Before the return day of plaintiff’s motion the defendants made a cross-motion asking that the plaintiff be restrained and that a receiver be appointed for the purpose of conducting the business.

On the return day the justice at Special Term appointed a receiver ad interim and adjourned the motion. After hearing argument on the adjourned day, the court restrained both plaintiff and defendants and appointed a receiver pendente lite to conduct the business.

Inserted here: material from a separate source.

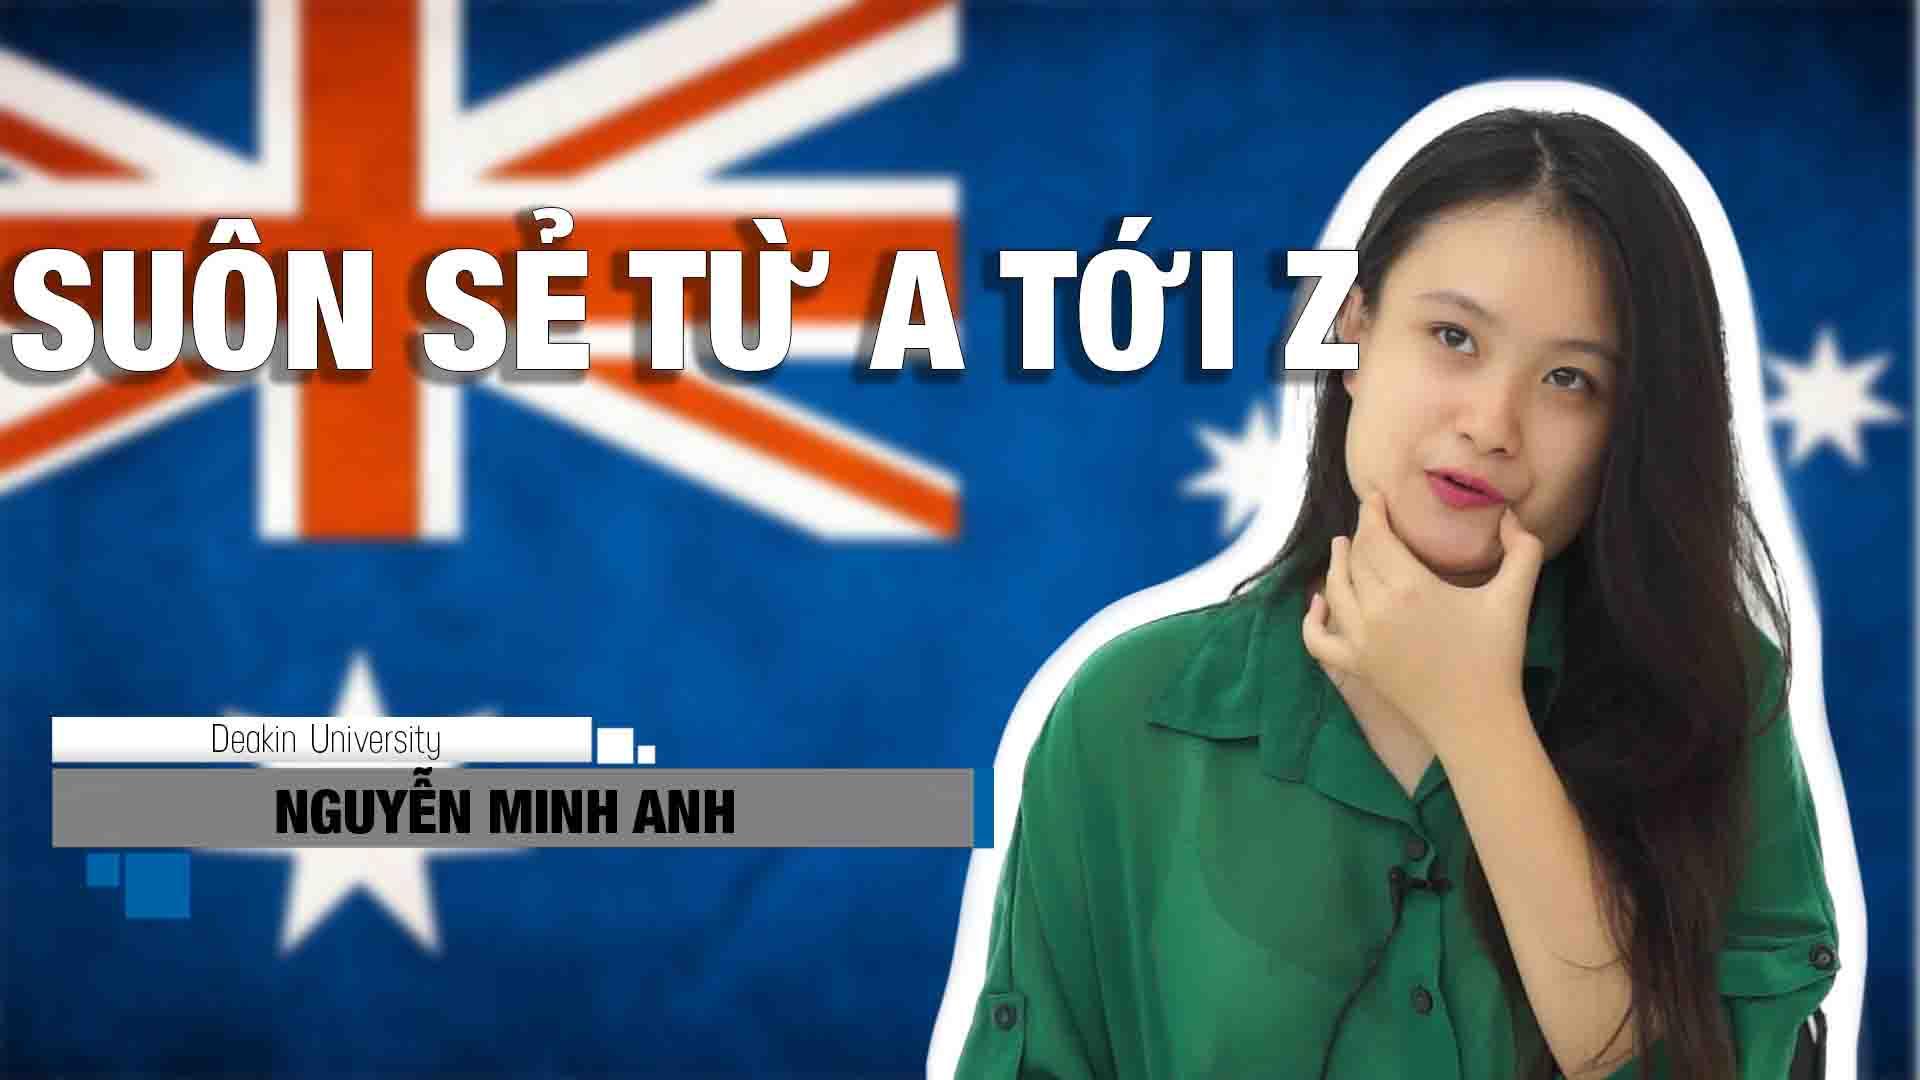 Lắng nghe chia sẻ của bạn Nguyễn Minh Anh, tân sinh viên ngành Dinh dưỡng, trường Deakin - Úc. Làm sao để hồ sơ du học Úc suôn sẻ từ A tới Z?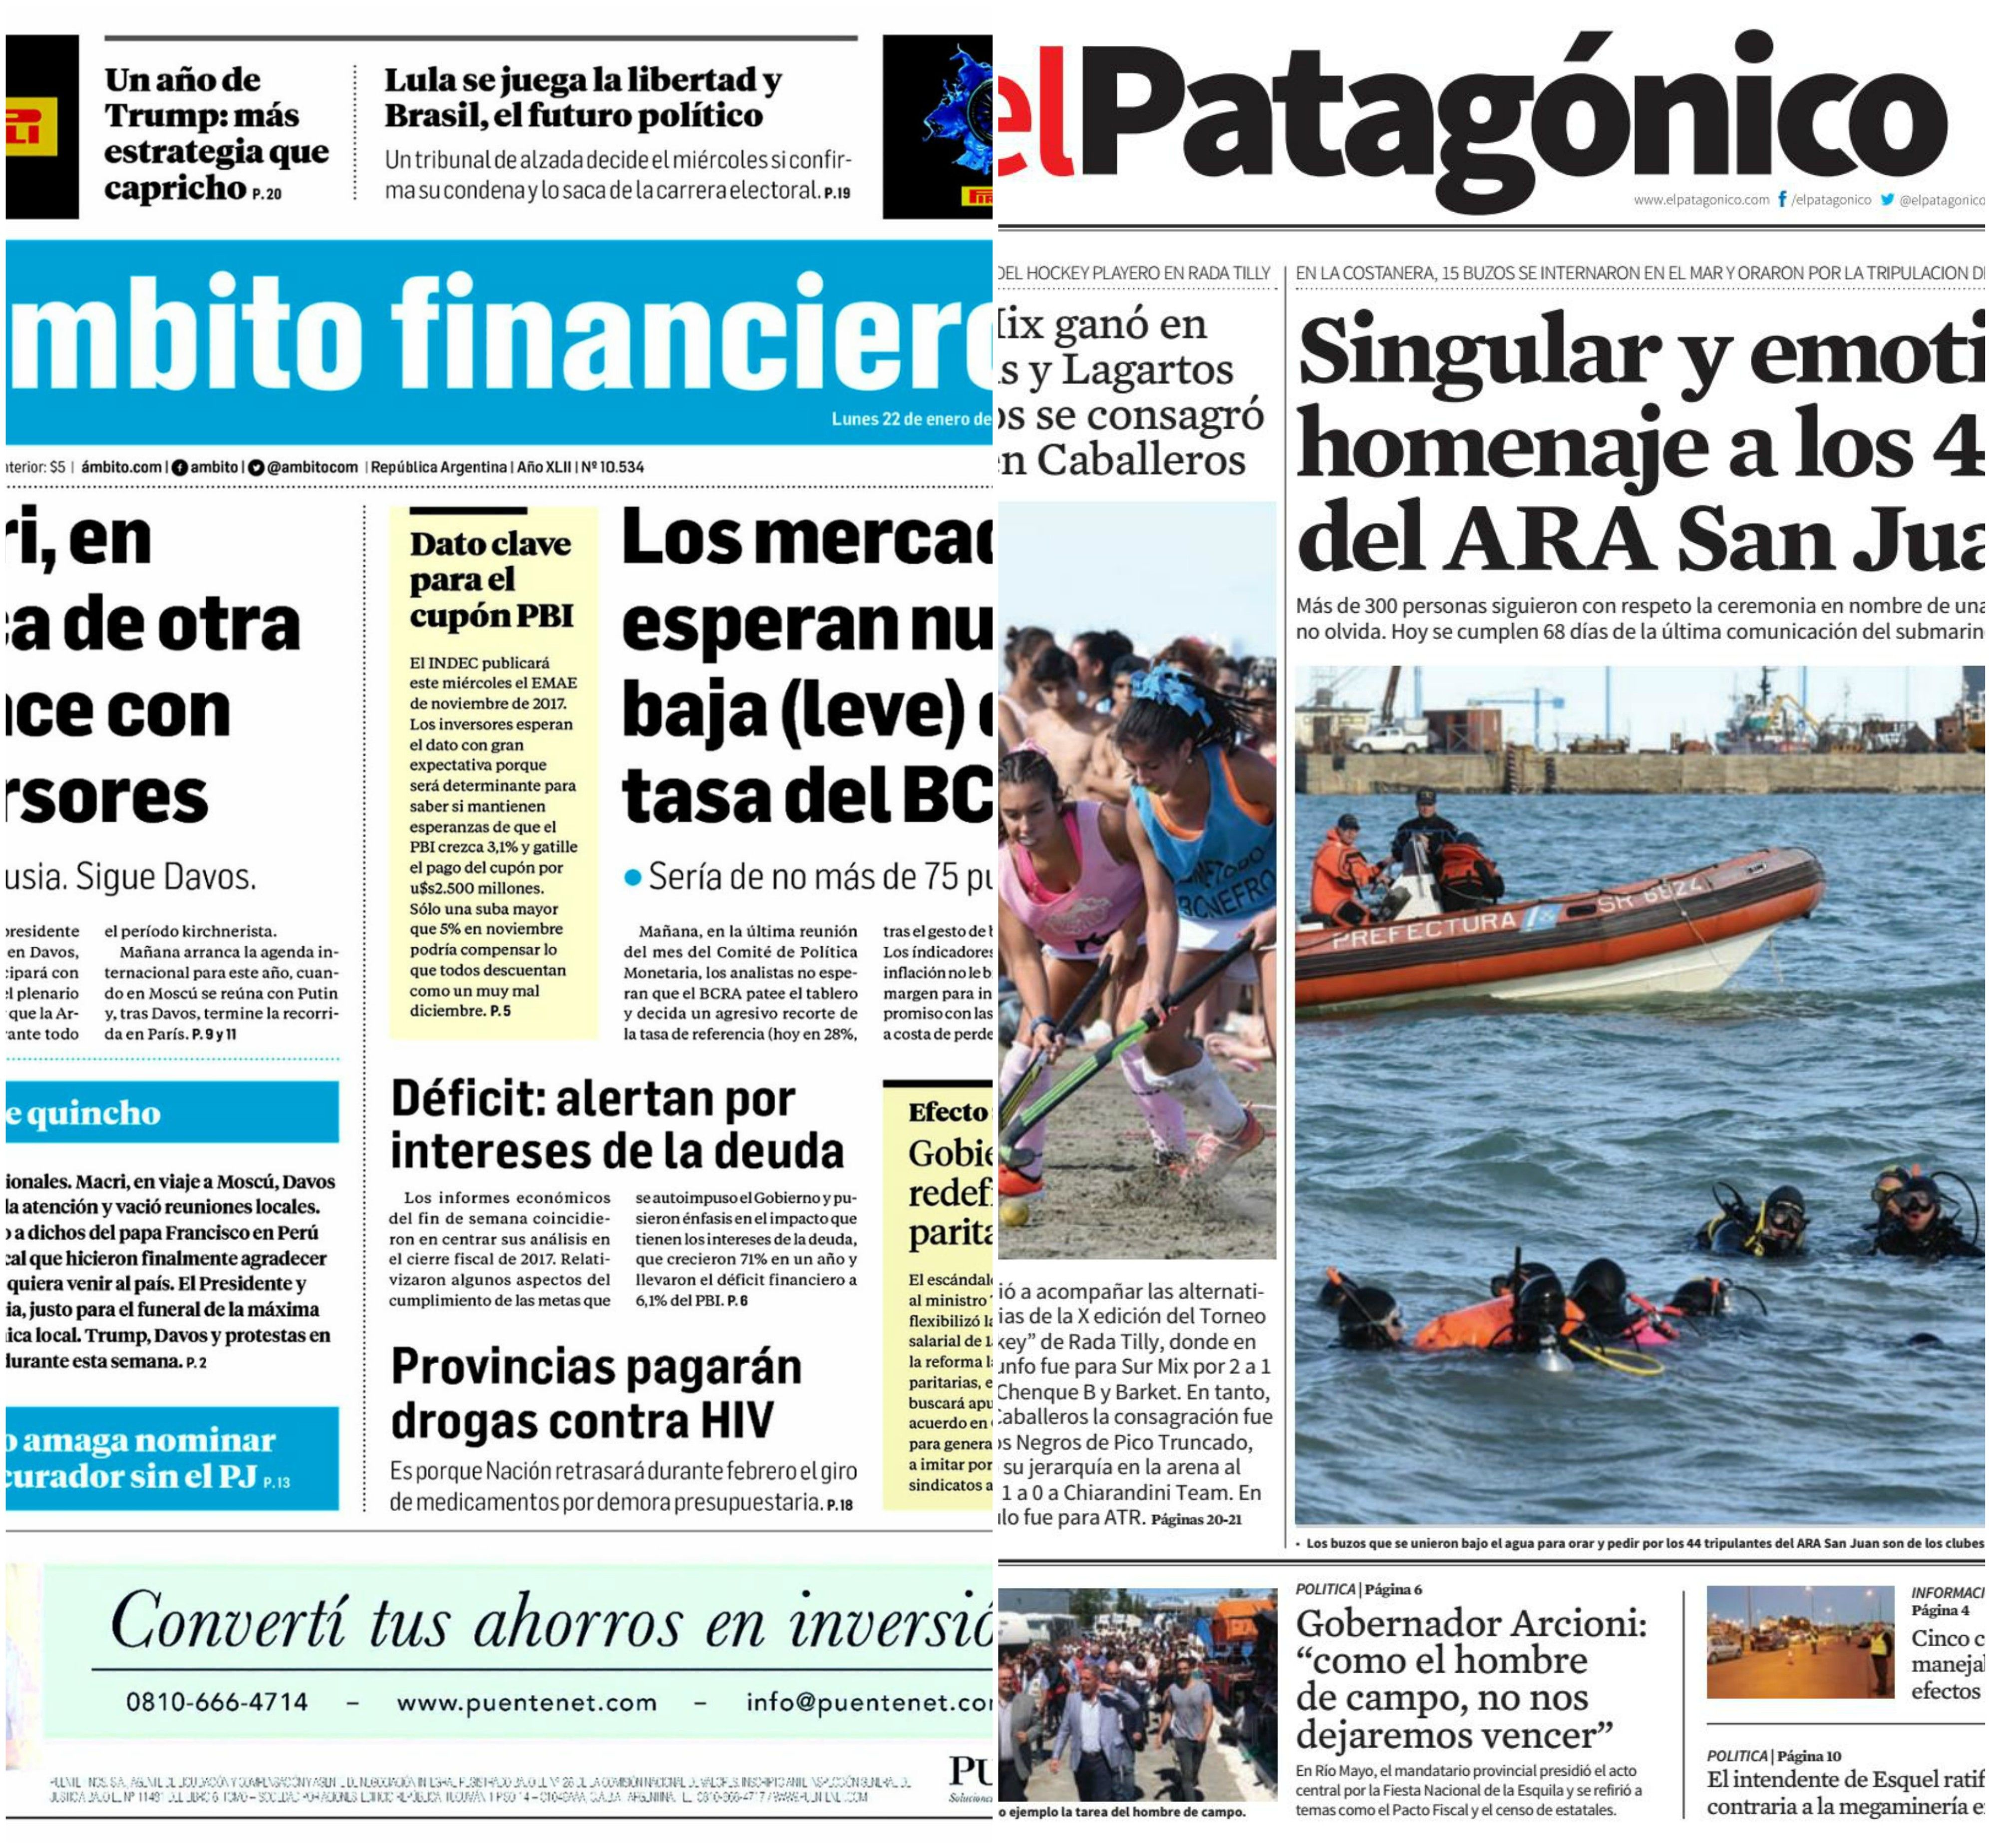 Tapas de diarios del lunes 22 de enero de 2018

The order entered after the argument of the motion is as follows:

“ Ordered, that Aaron Solomon, the receiver ad interim herein, be and he is hereby appointed receiver pendente lite, with the usual powers and duties of a receiver of the assets and effects of the joint venture conducted by the parties hereto, and with the same powers and duties as enumerated in the said order of appointment made and entered herein on the 13th day of March, 1924, and it is further
“ Ordered, that leave is given to either party or the said receiver may from time to time apply to the court for an order increasing the amount of the bond filed by the said receiver and further directions at the foot of this order; and it is further
“ Ordered, that both plaintiff and defendant Bores Thomashefsky are hereby restrained and enjoined from collecting or receiving any moneys belonging to the said joint venture or from interfering or intermeddling in any form or manner whatsoever in the operation and management of the same, and it is further
Ordered, that these injunction orders are granted on the condition that both plaintiff and defendant Bores Thomashefsky, each execute and file at the time of entering this order an undertaking in the sum of $5,000 with one or more sureties to the effect that each will pay to the other such damages not exceeding the sum of $5,000 as they may sustain by reason of the injunction, if the court finally decides that the other party was not entitled thereto.”

By the terms of the agreement' the plaintiff was entitled to the relief he sought. No dissolution of the joint adventure was demanded by plaintiff and, therefore, there was no ground for the appointment of a receiver. Defendants were not entitled to the relief demanded by the cross-motion, nor did the counterclaim justify the appointment of a receiver.

In Greenwald v. Gotham-Attucks Music Co. (118 App. Div. 29, 30) the court said: “ The action is not brought for a dissolution of the partnership or for the sale of its property. There is no authority which justifies the appointment of a receiver of partnership property unless the partnership has been terminated or there has been a breach of the partnership agreement or other cause which justifies a dissolution. * * * Here, a dissolution and sale is not asked and, so far as appears, is not desired.”

In Shubert v. Laughlin (122 App. Div. 701) this court reversed an order appointing a receiver, and said: “There are several reasons why the order must be reversed. In the first place, the action is not brought for a dissolution of the partnership, and no relief of that nature is prayed for. The plaintiff’s apparent purpose is to continue the partnership, but to oust defendant from the management secured to him by the copartnership agreement and to assume such management himself. For this reason, if for no other, the order was improperly made.”

The appointment of a receiver herein being unauthorized, the orders should be reversed.

The orders should be reversed, with ten dollars costs and disbursements, and the motions denied, with ten dollars costs, and the appeal from the order denying motion for resettlement dismissed.

Clarke, P. J., Dowling, Smith and Martin, JJ., concur.

Order reversed, with ten dollars costs and disbursements, and motion denied, with ten dollars costs. Order .of March 13, 1924, reversed, with ten dollars costs and disbursements, and motion denied, with ten dollars costs; appeal from order of March 28, 1924, dismissed.